**TASK OBJECTIVE**
An exact copy is needed of the lines in the entries below from the line with "Save water, celebrate dry holi" up to and including the line with "Adidas Vintage Adidas", and of nothing else. Leave the pictures out.

**SOURCE MATERIAL**
-- Opening Marker --
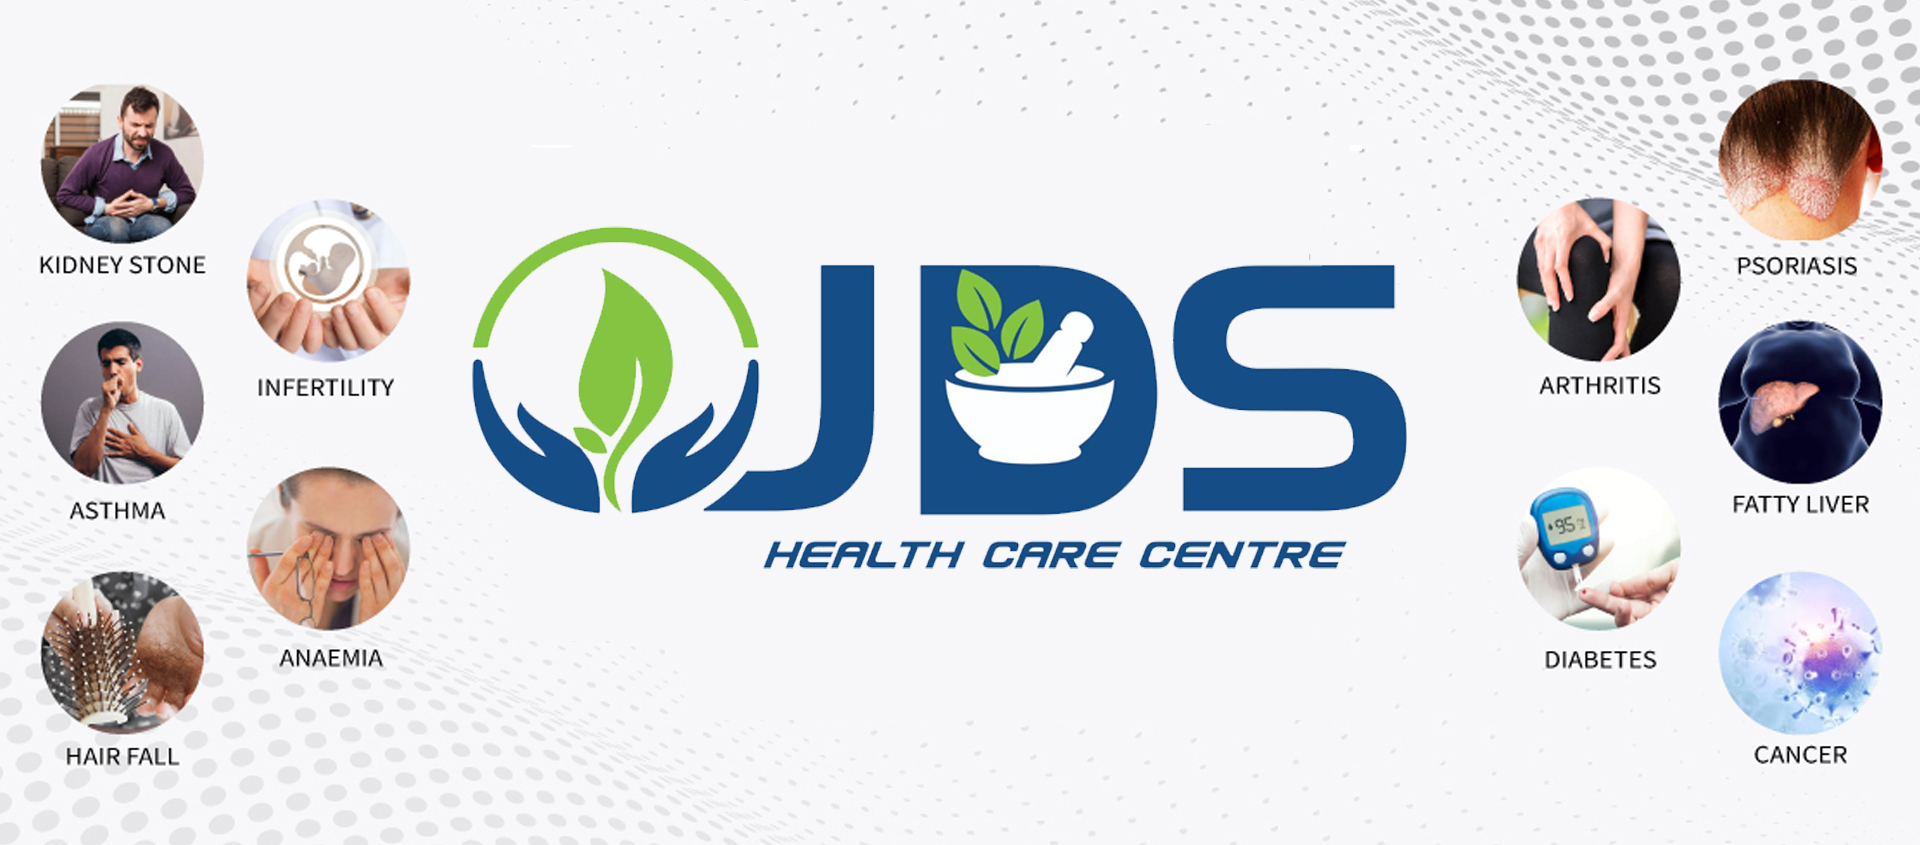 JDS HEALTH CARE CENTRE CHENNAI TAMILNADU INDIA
-- Closing Marker --
-- Opening Marker --
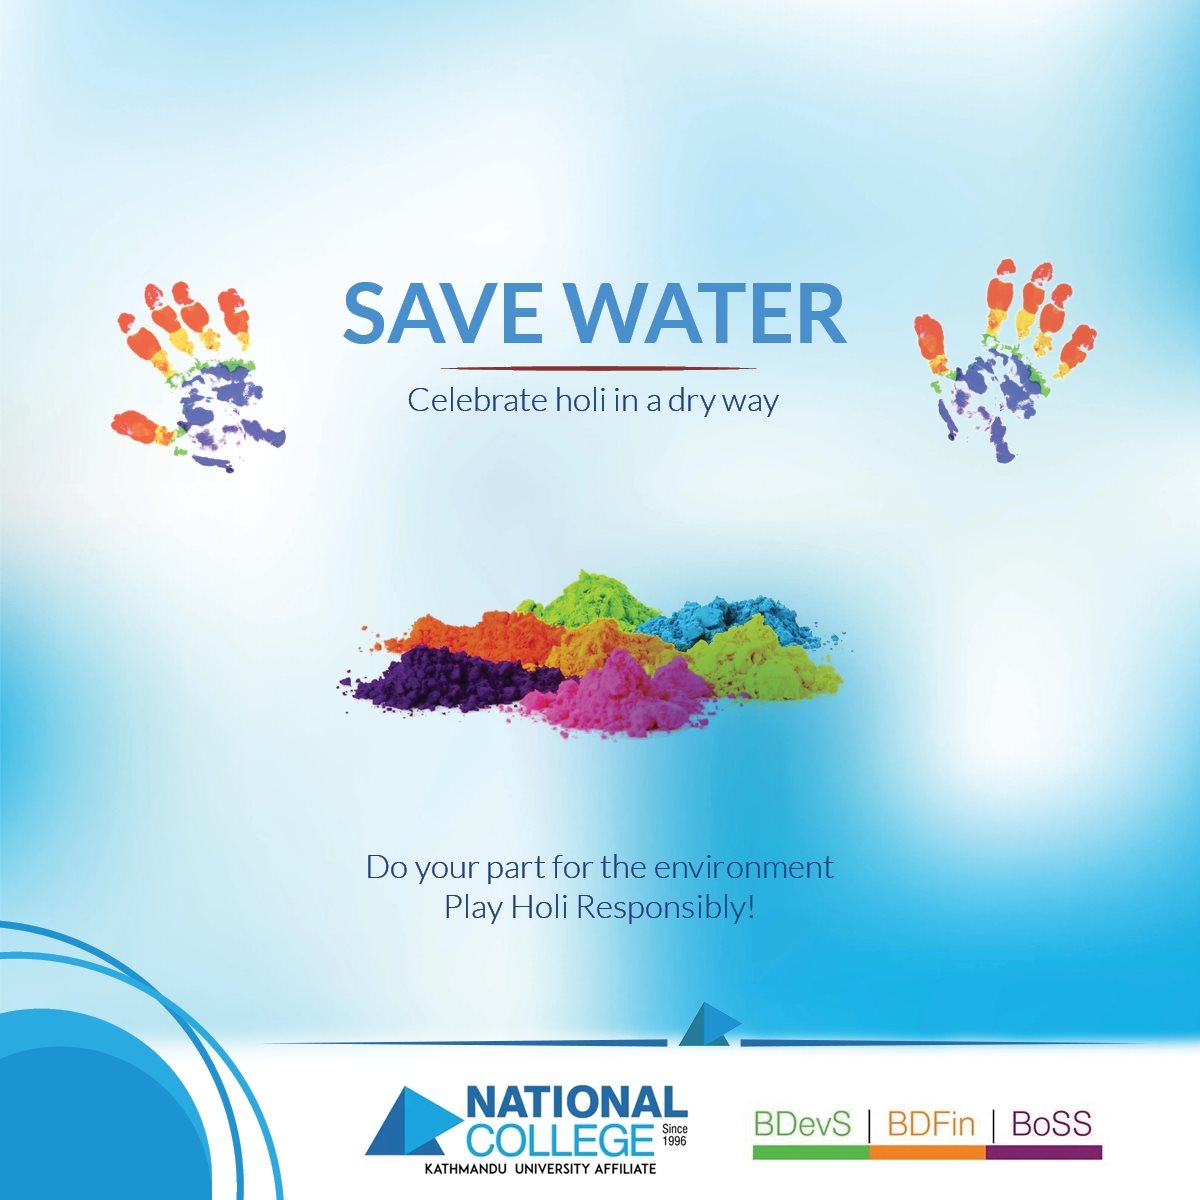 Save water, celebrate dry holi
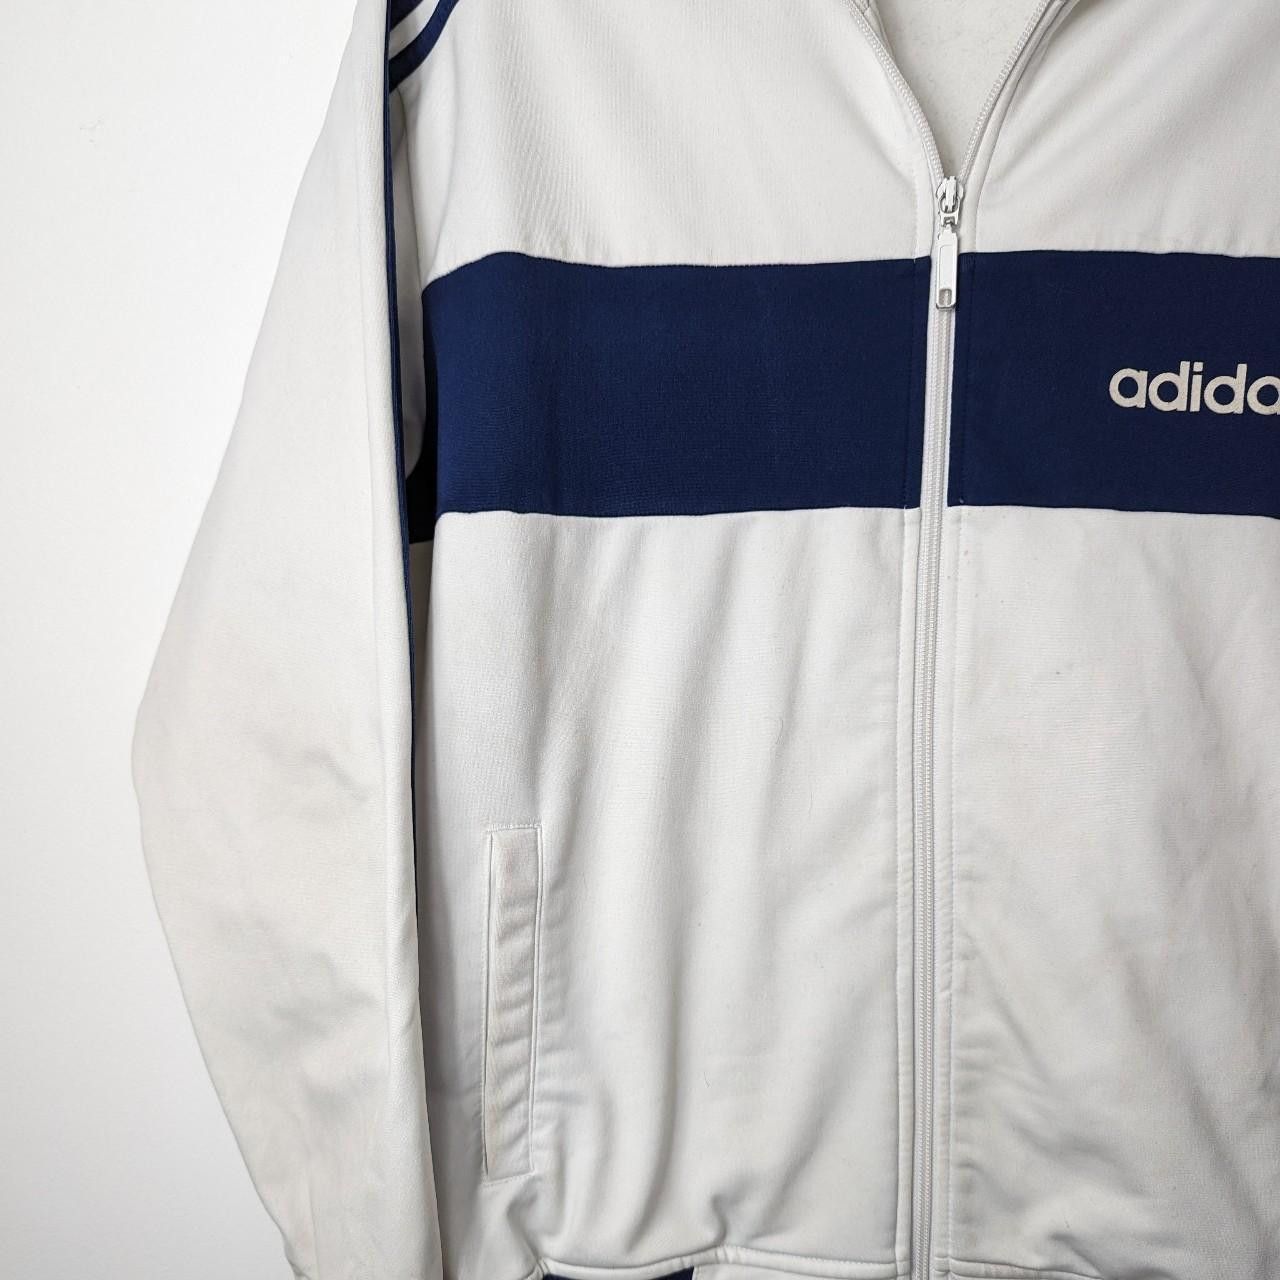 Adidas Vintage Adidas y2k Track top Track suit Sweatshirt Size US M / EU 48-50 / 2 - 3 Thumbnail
-- Closing Marker --
**EXERCISE OUTPUT**
 Save water, celebrate dry holi
 Adidas Vintage Adidas y2k Track top Track suit Sweatshirt Size US M / EU 48-50 / 2 - 3 Thumbnail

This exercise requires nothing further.